◆ WORK ORDER: Beginning with the line that holds "Measures: XL - ø 30cm x H 56cm", set down each line of the data below through the very last, exactly as given, and nothing beyond that.

***

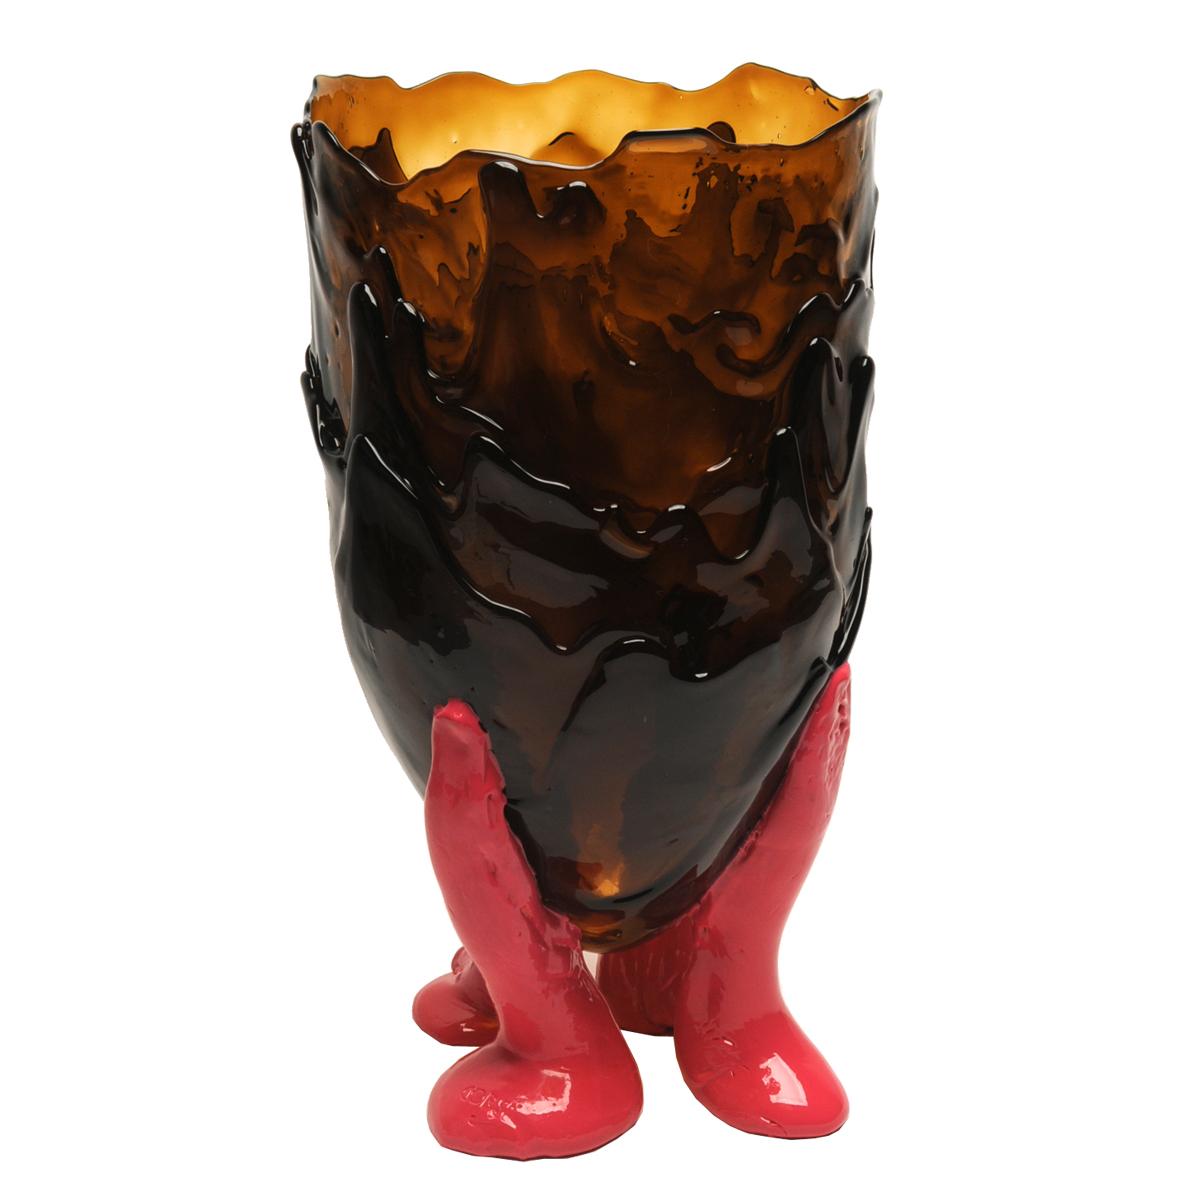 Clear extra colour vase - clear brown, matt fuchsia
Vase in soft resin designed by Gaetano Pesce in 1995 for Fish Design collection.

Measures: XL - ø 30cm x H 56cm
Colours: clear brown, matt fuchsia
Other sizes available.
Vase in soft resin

***

◆ EXERCISE RESULT:
Measures: XL - ø 30cm x H 56cm
Colours: clear brown, matt fuchsia
Other sizes available.
Vase in soft resin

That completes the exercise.